Sometimes relief comes in small packages. That was the case for Greenwich Academy students who made more than 2,000 origami paper cranes to send to Japan. As part of a relief effort, the Bezos Family Foundation is donating $2 for each crane made.
When Greenwich Academy students returned from spring break March 28, they learned how they could help relief efforts in Japan after the devastating tsunami and earthquake March 11.
Yumi Nakanishi, director of academic technology and a parent, spoke to the students about the disaster, and the middle school girls were shown how to make paper cranes out of origami paper. By days end, all 800 sheets were used up. Nakanishis daughter Alexa showed lower school students how to make the cranes, as an expression of their hope for recovery and to get the matching gift of $2 per crane.
Girls gave up their recess time to make more cranes. One girl said, Im happy to know I am doing something important for a cause. The lower and middle school halls were filled with boxes and baskets of the girls handiwork.
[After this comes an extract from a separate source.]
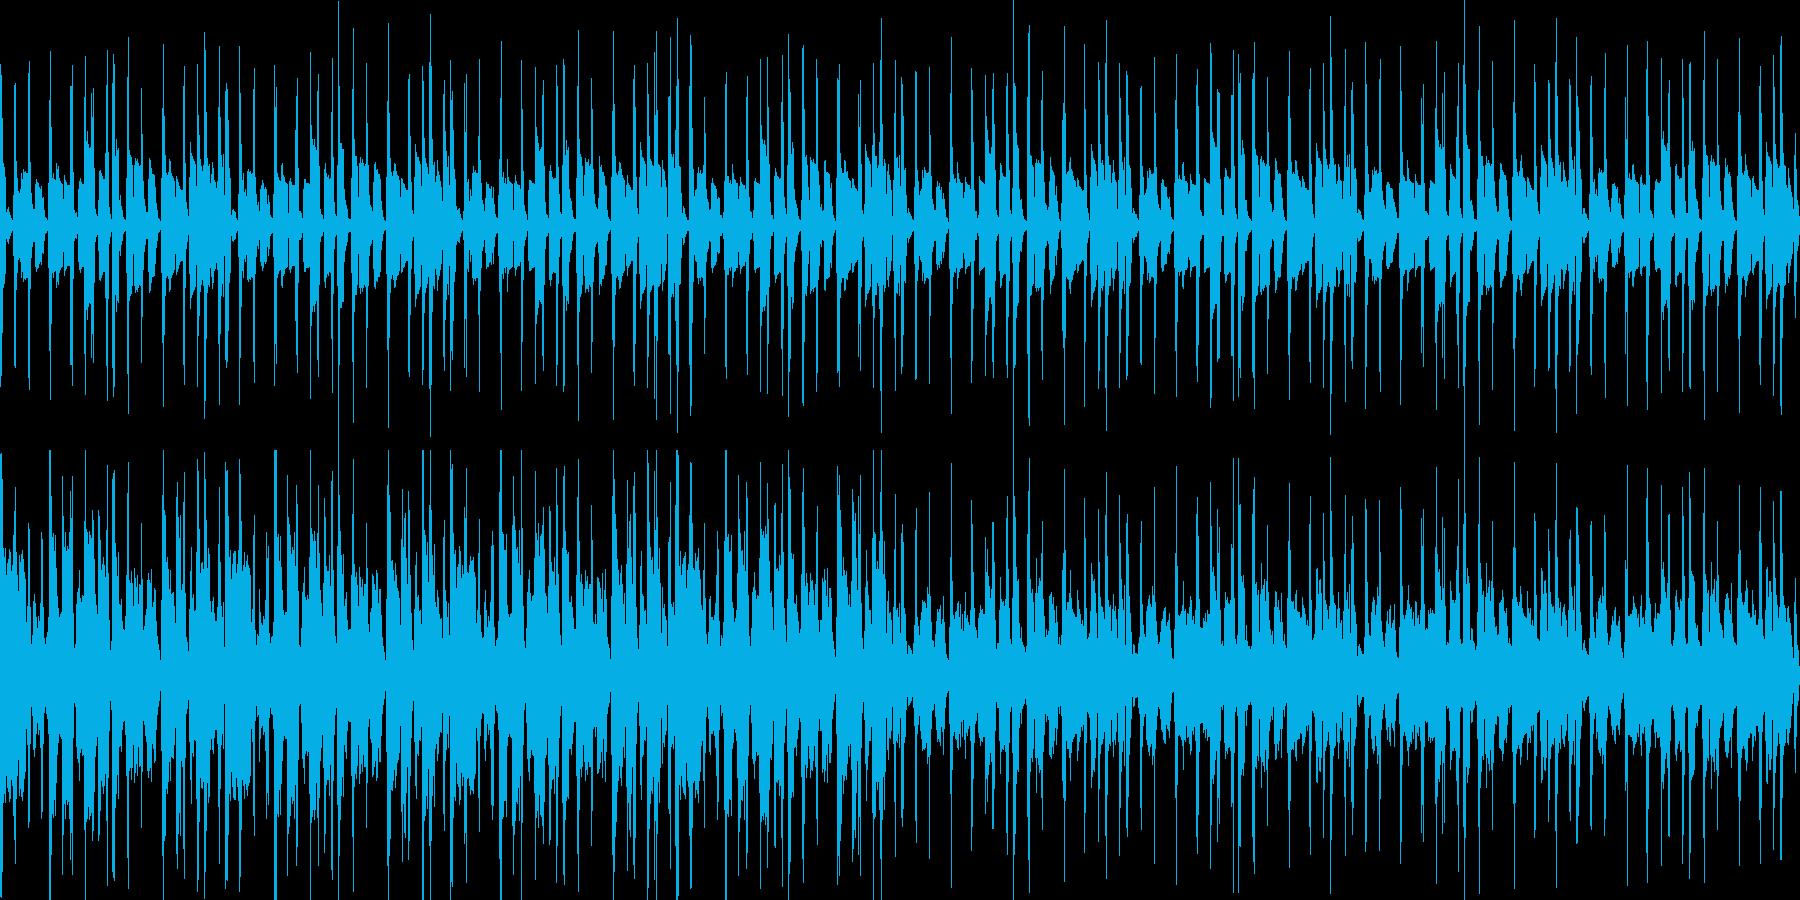 お洒落コードの少し大人な雰囲気のファンクの再生済みの波形

The goal of the Paper Cranes for Japan is to receive 100,000 cranes from children to represent 100 wishes of support and healing for the people of Japan. It will also result in a $200,000 donation from the Bezos Family Foundation for reconstruction efforts in Japan.
Upper school girls followed suit, starting a video project on how to do original cranes and selling T-shirts online. The cranes made by upper school girls will add to those made in the middle and lower schools and sent to Japan for an art installation.